AI with Michal

Candidate data enrichment

Adding structured fields (email, employer, skills signals, project links) to a candidate record from public or licensed sources so recruiters can personalize outreach or score fit without retyping research.

Michal Juhas · Last reviewed May 2, 2026

Who this is for

Sourcers and growth recruiters who personalize at volume and TA ops who must answer where this data came from.

In practice

  • Log provenance: source, date, and confidence in the ATS or sheet, not only the pretty column.
  • Minimize fields: enrich what the next human step truly needs; skip vanity columns that inflate LLM tokens.
  • Segment by region: privacy expectations differ; default to the strictest rule your org serves.

Where it breaks

Stale emails, inferred skills with no evidence, or enrichment vendors whose coverage maps poorly to your niche. Automation then ships confident-sounding mistakes faster.

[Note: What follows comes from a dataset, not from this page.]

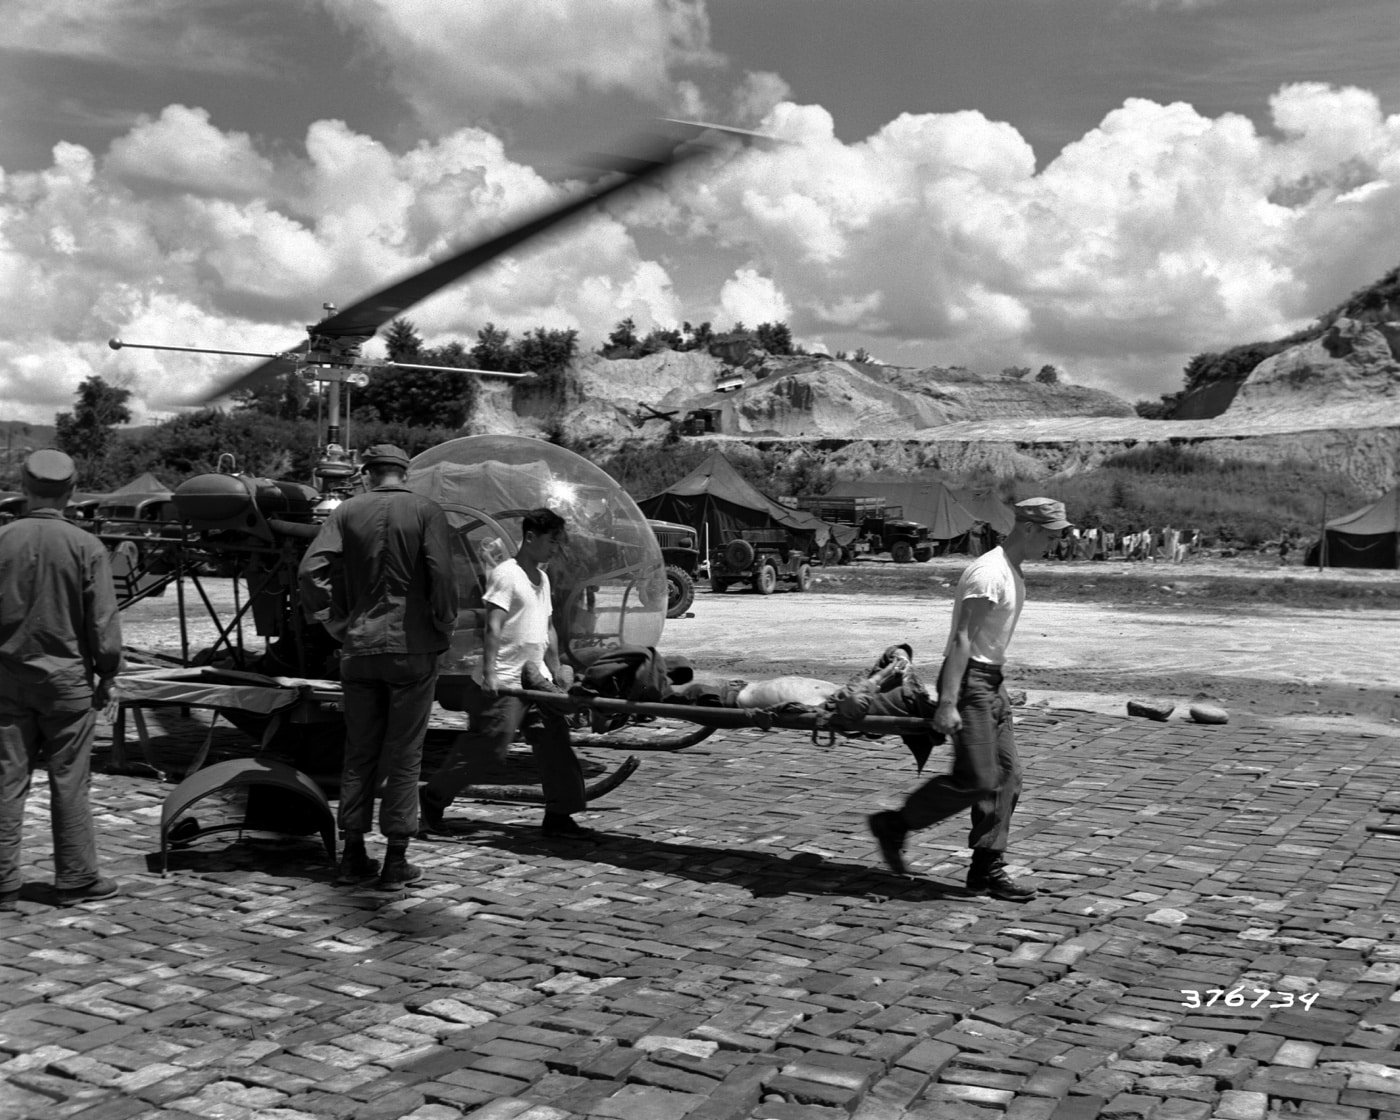 Wounded soldier taken from H-13 helicopter Korea 1951

Enrichment in a responsible stack

StepHuman accountability
Choose vendor or APILegal + procurement
Map fieldsTA ops
Model draftRecruiter review before send
RetentionHR systems owner

Related on this site

Frequently asked questions

What counts as enrichment versus sourcing?
Sourcing finds who to talk to. Enrichment fills gaps in the row you already chose: verified email, GitHub handle, recent talk title. Both need policy and workflow automation hygiene when you scale.
What compliance issues show up first?
Lawful basis for processing, data minimization, retention schedules, and cross-border transfers. Your DPA with vendors matters as much as the AI prompt. When in doubt, involve legal before you pipe personal data into models.
Do platform terms matter?
Yes. Many professional networks restrict automated scraping or bulk export. Prefer APIs and datasets you are contractually allowed to use, and document the source field in your CRM for audits.
How should models use enriched fields?
Treat them as untrusted inputs: verify employer names and dates before candidate-facing text. Pair enrichment with hallucination checks and human send gates early on.
Where does AI fit?
Models can summarize public bios, draft outreach using structured columns, or propose fit rationales you still review. They should not silently auto-reject. See scorecard ethics notes on automated scoring.
What should we read next?
Browse AI sourcing tools for recruiters, compare stacks under Tools, and rehearse safe patterns in a workshop.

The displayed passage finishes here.